Выйдя на улицу, Алексей Дмитриевич почувствовал странное оживление, охватившее столицу в этот зимний день. На зданиях развевались странного красного цвета полотнища. На тротуарах бурлила разношерстная толпа: каракулевые шубы были разбавлены большим количеством серых солдатских шинелей и черных бушлатов Балтийского экипажа. И солдаты, и матросы были вооружены. Поручик выбрал человека в форменном пальто Налогового ведомства и спросил:

- Извините, что за праздник такой?

- Революция! - ответил чиновник громко и посмотрел вокруг, ожидая, по-видимому, одобрения своим словам. - Николай Второй подписал отречение! А власть перешла к народу. Теперь нет господ, теперь все - товарищи! Позвольте поцеловать вас, товарищ!

Чиновник неожиданно впился прокуренным ртом в щеку Каштымова. После Татьяны Андреевны этот товарищеский поцелуй не нашел должного отклика в сердце товарища поручика. Он с трудом стерпел издевательство и пошел прочь искать Шустовского или кого-нибудь из тех, кто мог разъяснить, что же делать дальше, как жить... Привычный мир, до сих пор окружавший Алексея Дмитриевича, словно кокон шелкопряда, дал трещину, чтобы под следующим ударом - в октябре - навсегда разлететься в прах...

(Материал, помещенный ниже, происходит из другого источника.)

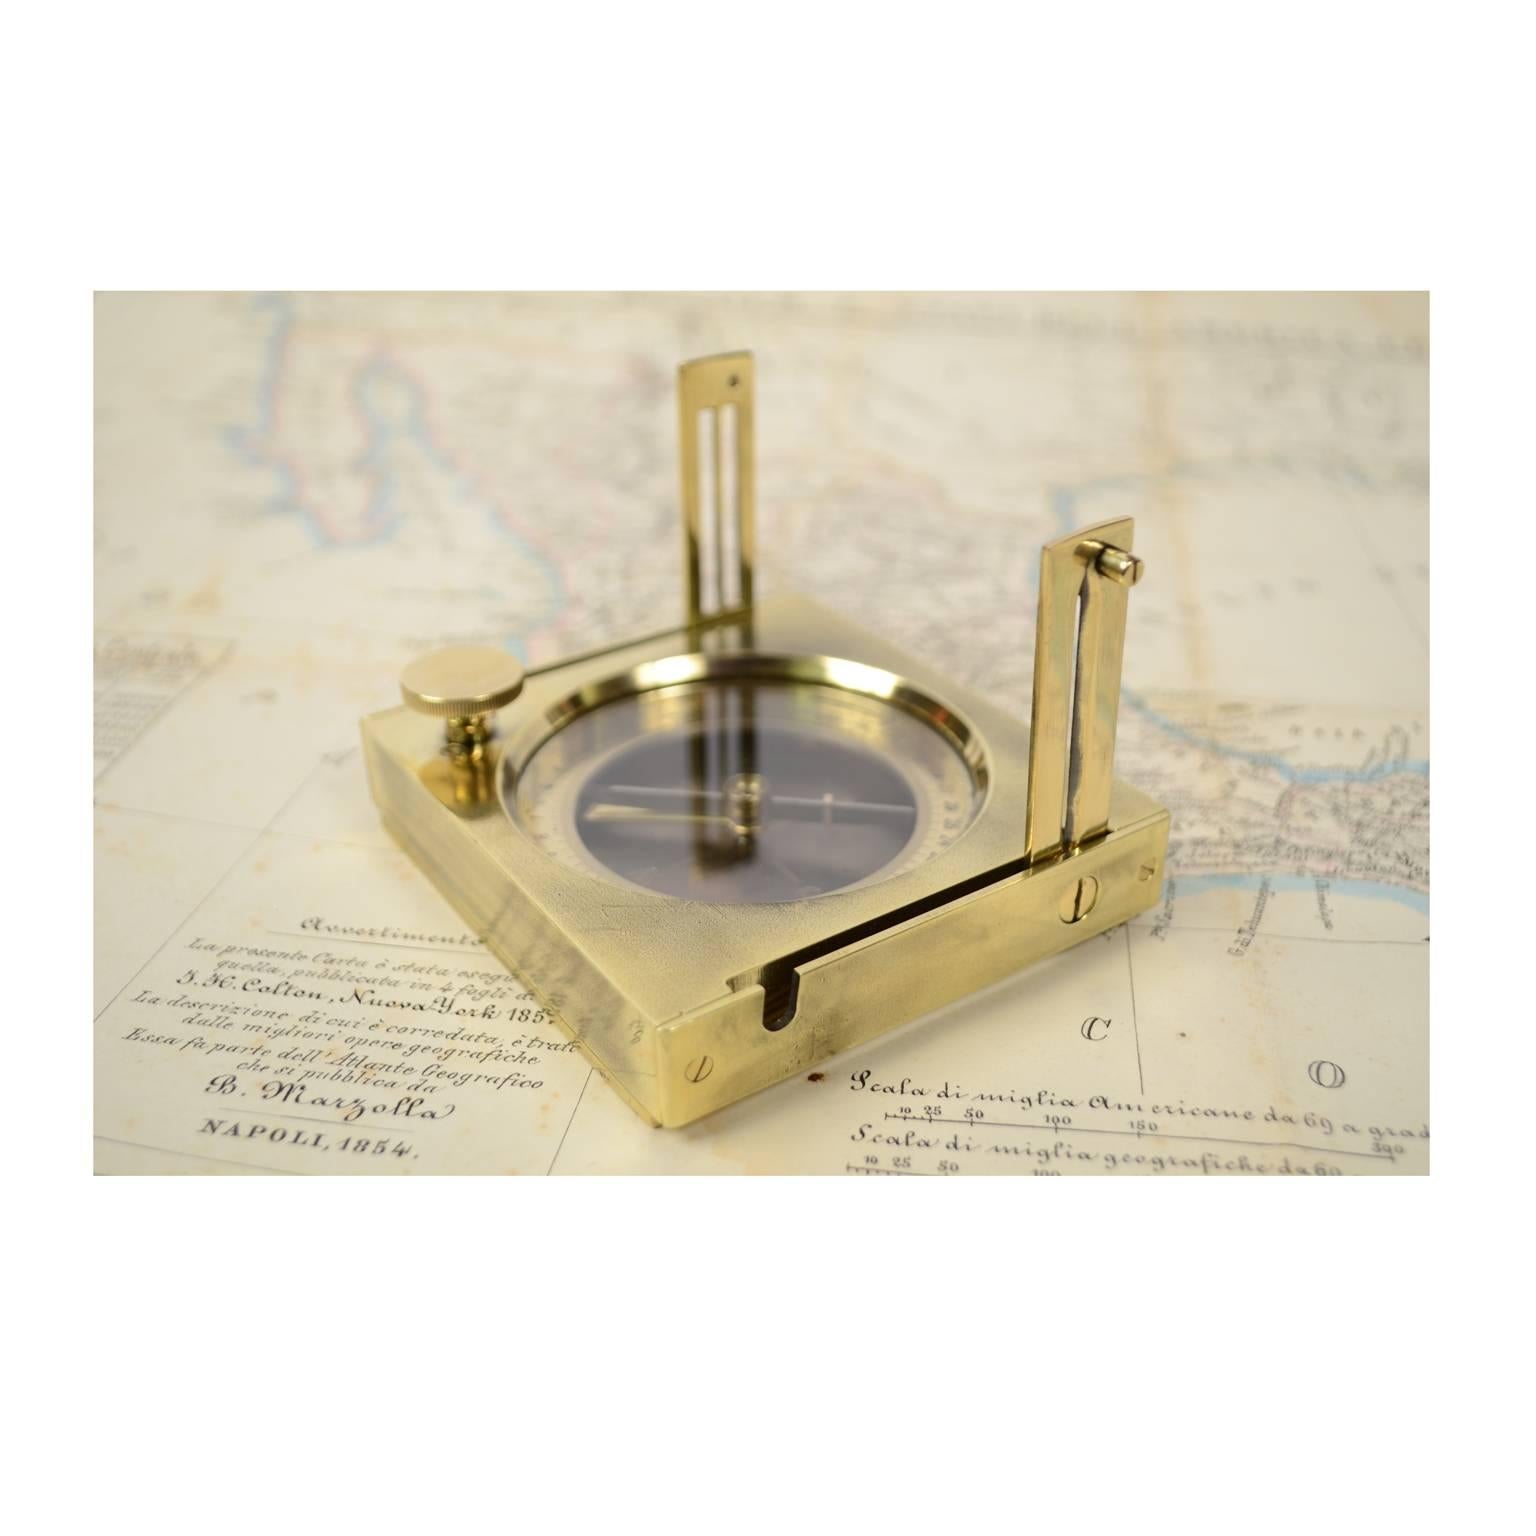 Early 20th Century Brass Topographic Compass Placed in Its Original Walnut Box

Каштымов решил не возвращаться в полк. Он остался в Питере, интуитивно чувствуя, что в столице решается судьба России. Кроме того, одной из причин, побудивших его поступить именно так, была Татьяна Андреевна. Незабываемая! Незабываемая, но забывшая. После единственной ночи баронесса с мужем исчезли с горизонта. Особняк на Литейном реквизировали под какой-то комитет. Вместо прелестницы в нем появились усатые мужчины в тельняшках и сиреневых наколках и горластые брюнеты в кургузых пальтецах, но при маузерах в деревянных кобурах. Каштымов не сразу, но принял идею всемирной революции и, после длительных мытарств в организациях анархо-синдикалистов, черных анархистов и левых эсеров очутился в партячейке Путиловского завода. Воевал против Юденича, по разнарядке попал в состав отряда по борьбе с саботажем и бандитизмом, отличился во время ликвидации банды "попрыгунчиков" и банды Косого Валета. После прогремевшего на весь цивилизованный мир ограбления Патриаршей ризницы один из следов привел в Гатчину и снова ушел в Крым. Дело было сложное, версии отрабатывались долго, и года через три, когда в Крыму досиживал последние дни барон Врангель, Каштымов отправился в Севастополь оказывать оперативную помощь московским товарищам из угро. В бумажнике бывшего поручика лежала сотенная ассигнация, единственная примета той февральской ночи в Зеленом зале...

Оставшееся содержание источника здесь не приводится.